The architecture of planning

The architecture of planning

World Architecture Festival Letters from London

A CBE for Eric Parry, and obituary notices for Leon Krier, are a reminder of the wealth of creativity and controversy in the world of architecture – and also prompt thoughts about the relationship between architecture, planning and urban design, writes Paul Finch.

Parry is a phenomenon among London architects because of the volume and quality of his work in both the City of London and the City of Westminster. His two biggest projects in the City (the Corporation’s new legal mega-complex on Fleet Street and the replacement Aviva Tower which will be the tallest building in the Square Mile) are still in progress. Perhaps once complete they will prompt a knighthood!



In Westminster, there is the work on Savile Row and Bond Street; the triumphant re-working of the Waterstone’s building on Piccadilly; and the subtle office building next to Lutyens in St James’s Square.

Unlike his commercial architect predecessors (probably only Richard Seifert matched him for output in central London), Parry is just as at home in the worlds of art (the extension to the Holburne in Bath) and community/charity projects, for example the work in Charterhouse Square. This Royal Academician has managed occasionally to blend art and architecture, for example through use of colour, and more recently to engage with the natural world through provision of roof gardens, publicly accessible.

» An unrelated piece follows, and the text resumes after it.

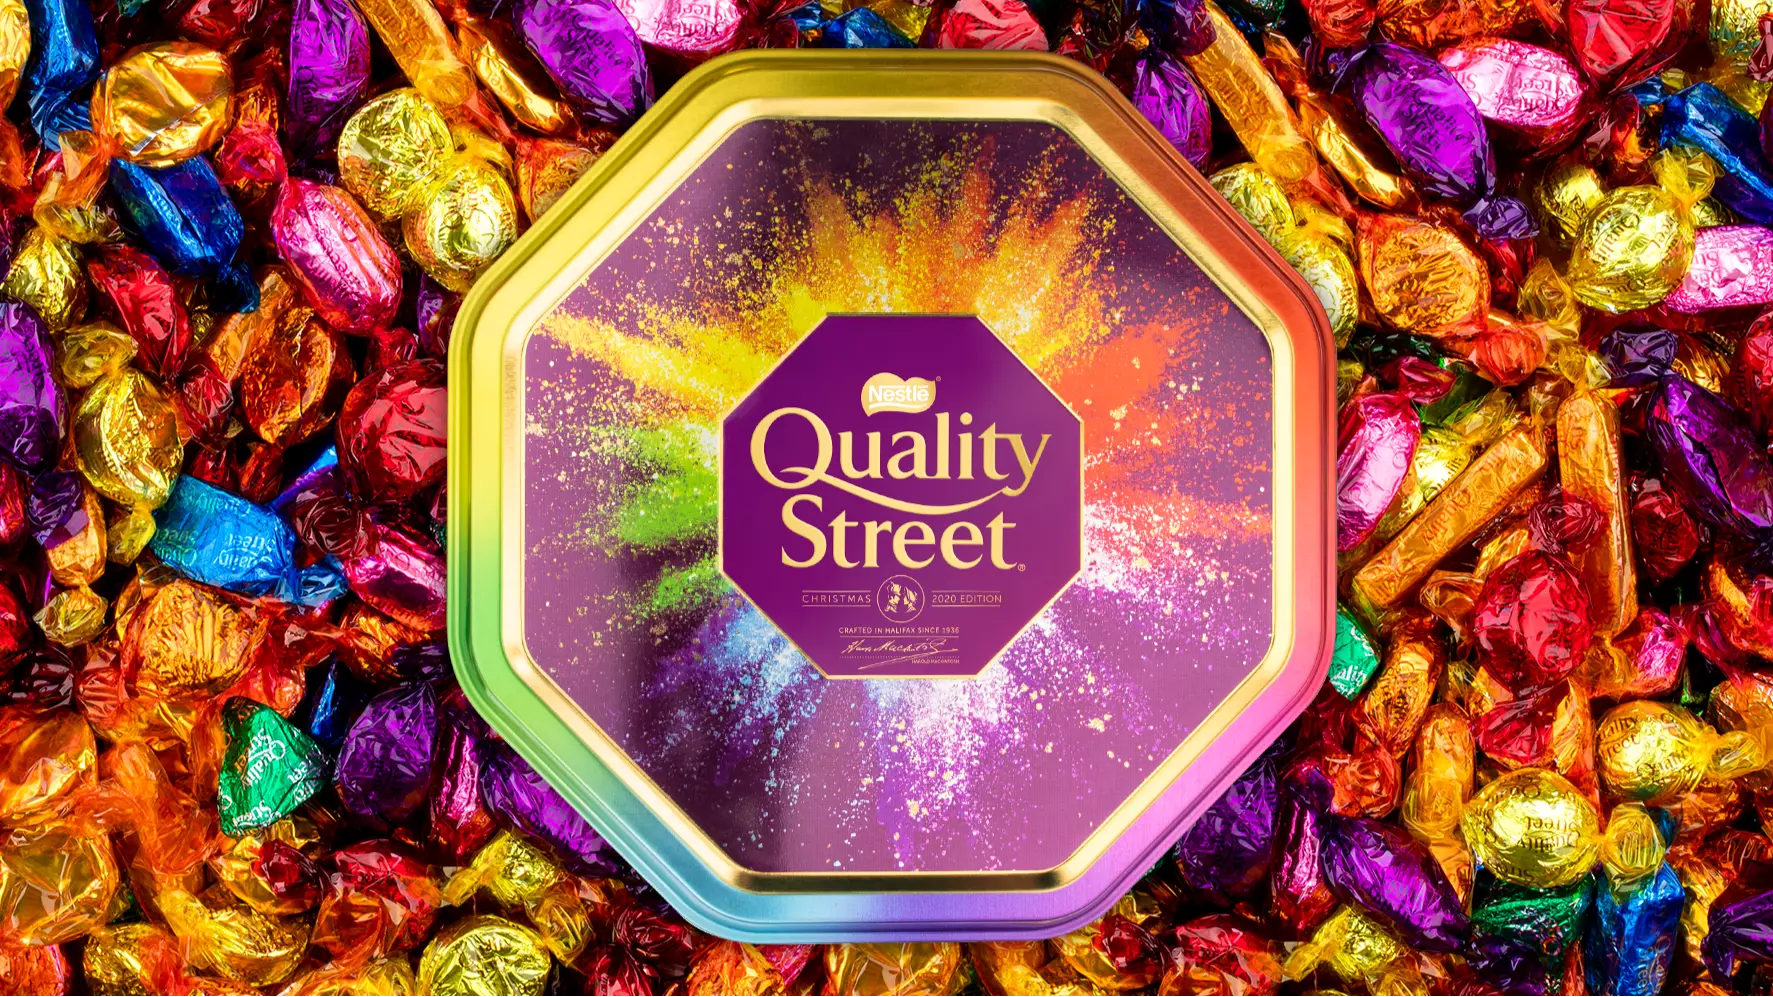 ​You Can Now Order Pick 'N' Mix Quality Street Tins Online

So does he have a problem with the planning system, which is supposed by critics to stifle innovation in favour of the bland? Not at all – he just gets on with it, listens to comments and criticisms, and like all good architects declines to be thin-skinned, instead responding to what has been said without losing the spirit or integrity of the original idea.

Leon Krier had quite a different attitude to planning, which is to say that he thought he knew best. Sometimes he was right. An excellent architect who worked for James Stirling (and was said to have converted Stirling to the latter’s particular version of post-modernism), Krier was at his most influential in the 1980s and early 1990s because of his influence on the then Prince of Wales. The latter’s distrust of ‘continental theorists’ did not extend to Krier, whose urban design ideas were made flesh in the Poundbury development on the edge of Dorchester, by the Prince’s Duchy of Cornwall.



The proposal was really a critique of the conventional volume-housebuilder idea of how you provided housing in a situation like this: build low-density, car-dependent estates a few miles from the nearest city, where land can be purchased cheaply.

Poundbury was a different proposition, not completed to the scale Krier envisaged, but completed enough to make an urban argument. Needless to say, it was the relentless classicism which enraged some critics and delighted others. Georgian in the late-20th century? Go for it!

Krier once admitted at a Royal Academy public event that in fact the architecture could have been in any style, following a question from your correspondent. But he claimed that only architects who believed in masonry construction would have drawn up the masterplan he had fashioned. On another occasion, on a visit to Poundbury with the Prince of Wales in tow, I asked Krier why he hadn’t invited modernist architects to design things like light industrial buildings. ‘I will invite them, but only after they have invited me to work on one of their projects,’ he declared, with a laugh.

He also, in a short talk on that occasion, drew his version how height should work in a city, with a hierarchy of civic and religious buildings outgunning office towers. His version of a single storey development included a church, since the steeple did not contain any floors. His drawings and commentaries on what was wrong with modern architecture, and how it could be adjusted, were one of the best things in Architectural Design magazine at the time, offering a critique with the advantage of witty visuals.

Those arguments and discussions really are evidence that the past is another country. Much of what Krier and the future Charles III were saying at the time have been absorbed into contemporary thinking, while today’s neo-modernists are happier to co-exist with designers of other persuasions. Silos have to an extent dissolved.

In retrospect, everybody had more in common than they wanted to acknowledge. When the Prince made his Hampton Court speech in 1984, I wrote an editorial headlined ‘Two cheers for the Prince’. If only he had realised that instead of criticising architects like James Stirling, he should have recruited them to his cause.

Did the Prince realise, when he attacked Stirling’s No 1 Poultry development in the City of London, that he was criticising an architect for whom Krier had worked and respected? And isn’t that building a bit Krier-esque?

It is certainly not something that Eric Parry would have designed, but he is far from being an austere black-and-white kind of architect. If you get the chance, visit his Leathersellers livery company building in the City. A sumptuous pocket masterpiece.